Piątek 5 grudnia przynosi na globalnym rynku waluty mieszankę lekkiej ulgi i wyraźnego wyczekiwania. Po serii spokojnych sesji w Europie polski złoty utrzymuje się w okolicach najmocniejszych poziomów tego roku, podczas gdy dolar traci część wcześniejszej przewagi, a inwestorzy coraz śmielej wyceniają obniżki stóp procentowych w USA w 2026 roku. Na tle tego pejzażu rynek złotego wyróżnia się stabilnością – PLN nie jest gwiazdą globalnych nagłówków, ale konsekwentnie korzysta z poprawy sentymentu do rynków wschodzących.

Około południa czasu polskiego główne kursy walut wobec złotówki pozostają stosunkowo spokojne. Euro kosztuje na rynku międzybankowym w przybliżeniu 4,23 zł, co potwierdzają zarówno serwisy z bieżącymi notowaniami, jak i ostatnie odniesienia Europejskiego Banku Centralnego. Dolar amerykański (USD) jest notowany w rejonie 3,63–3,64 zł, z lekką różnicą pomiędzy rynkiem międzybankowym a ofertami bankowych kantorów internetowych. Frank szwajcarski, CHF, pozostaje w okolicach 4,52 zł, a za funt brytyjski, GBP, inwestorzy płacą około 4,84 zł. W tle widać także stabilizację walut surowcowych: dolar kanadyjski kosztuje w okolicach 2,60 zł, a jedna korona norweska (NOK) około 0,36 zł.
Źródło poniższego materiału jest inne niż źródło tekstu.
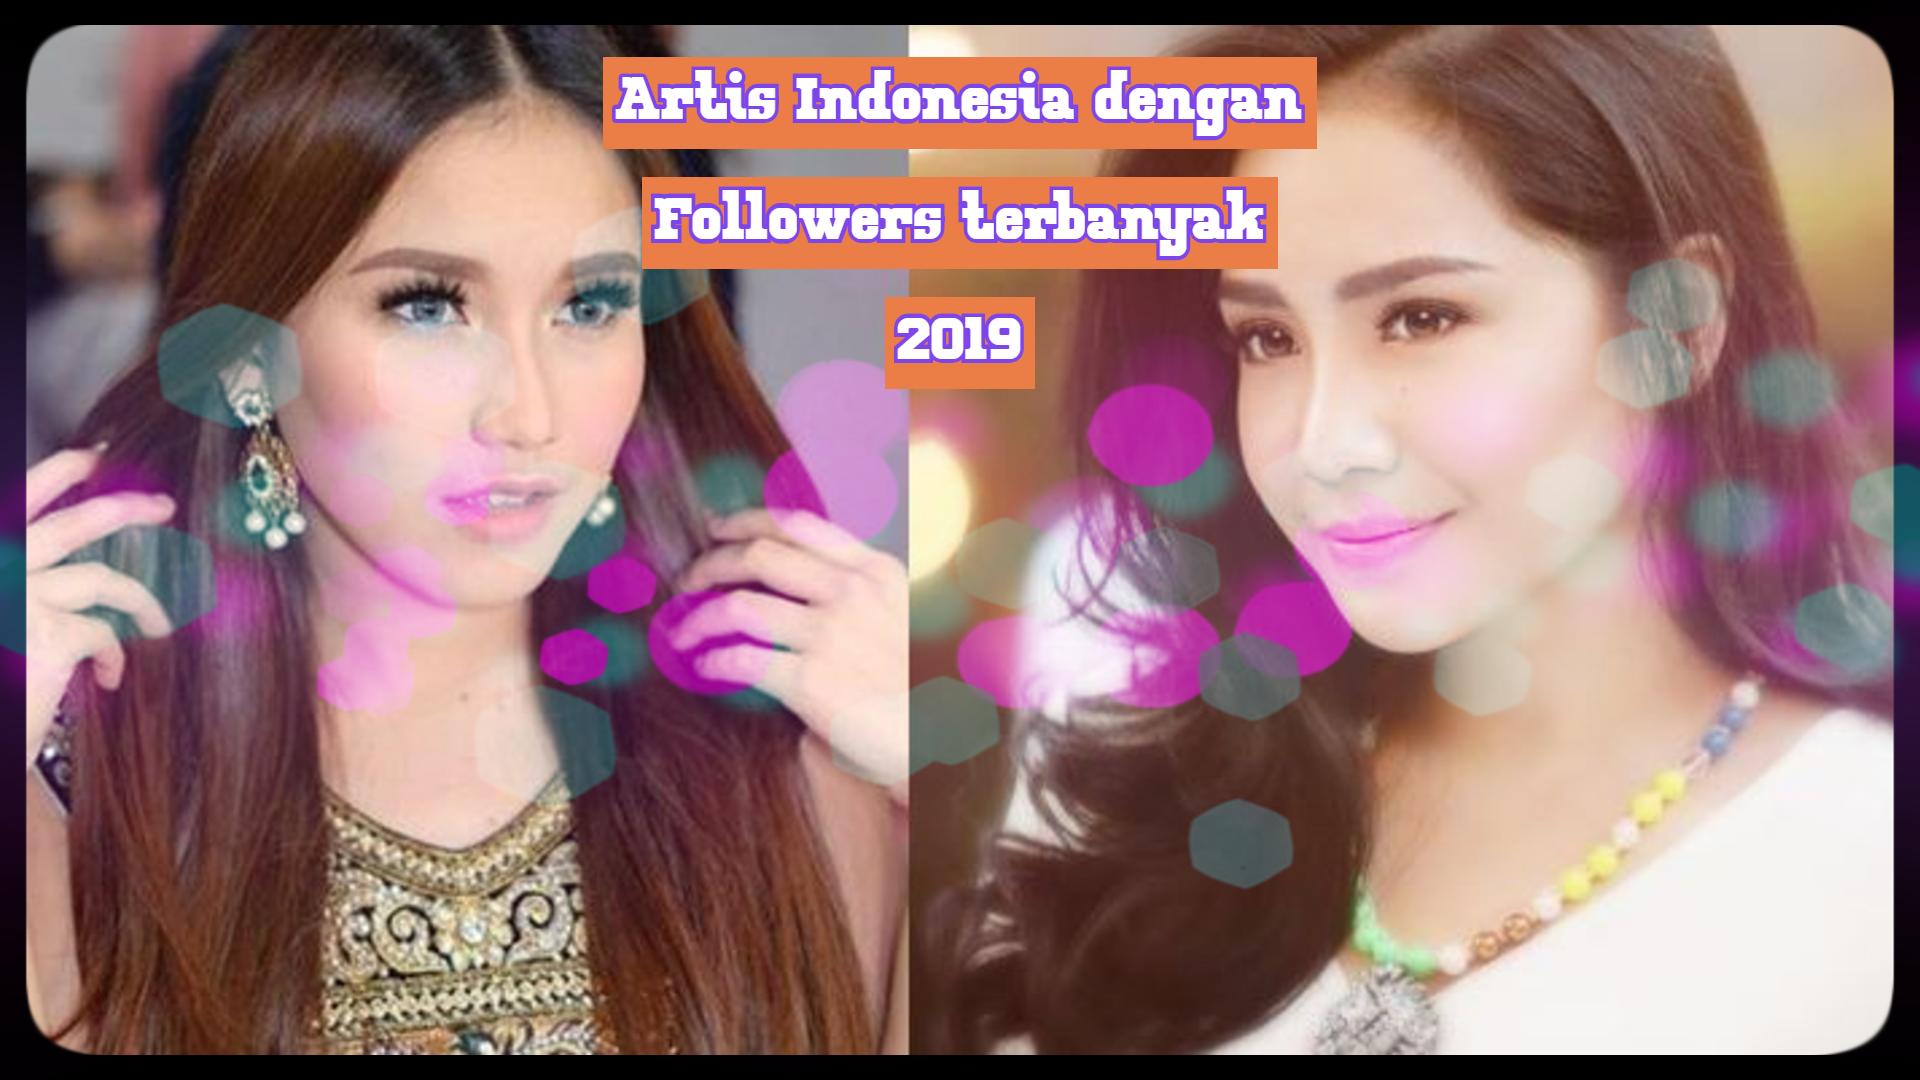 Siapa Artis Indonesia dengan Followers Terbanyak 2019_

Na szerokim rynku kluczowy pozostaje układ sił między euro a dolarem. Po serii mocnych sesji, wspartych słabszymi danymi z rynku pracy w USA oraz rosnącą wyceną przyszłych obniżek stóp Fed, para EUR/USD krąży dziś w pobliżu 1,17, a euro utrzymuje pięciotygodniowe maksima wobec dolara. Inwestorzy wyraźnie zakładają scenariusz, w którym główna faza zacieśniania polityki pieniężnej w Stanach jest już za nami, a kolejne kwartały przyniosą stopniowe łagodzenie. W efekcie dolar amerykański jest pod presją na szerokim rynku, a waluty o wyższym ryzyku – w tym PLN – korzystają z przesunięcia kapitału w stronę aktywów bardziej ryzykownych.

Dla złotówki kluczowe jest zachowanie pary EUR/PLN. Od kilku tygodni kurs oscyluje w wąskim przedziale wokół 4,22–4,24 zł, co pokazują zarówno dzienne referencje EBC, jak i notowania rynkowe z ostatnich sesji. Tak stabilny obraz sugeruje, że rynek złotego pozostaje zakotwiczony przede wszystkim w europejskim kontekście, a nie w krótkoterminowych wahaniach dolara. Gdy EUR/PLN pozostaje blisko tego zakresu, zmiany na USD/PLN są w dużej mierze pochodną ruchów na parze EUR/USD – co oznacza, że to kondycja amerykańskiej waluty i oczekiwania wobec Fed decydują, czy złotówka zyskuje, czy traci wobec dolara.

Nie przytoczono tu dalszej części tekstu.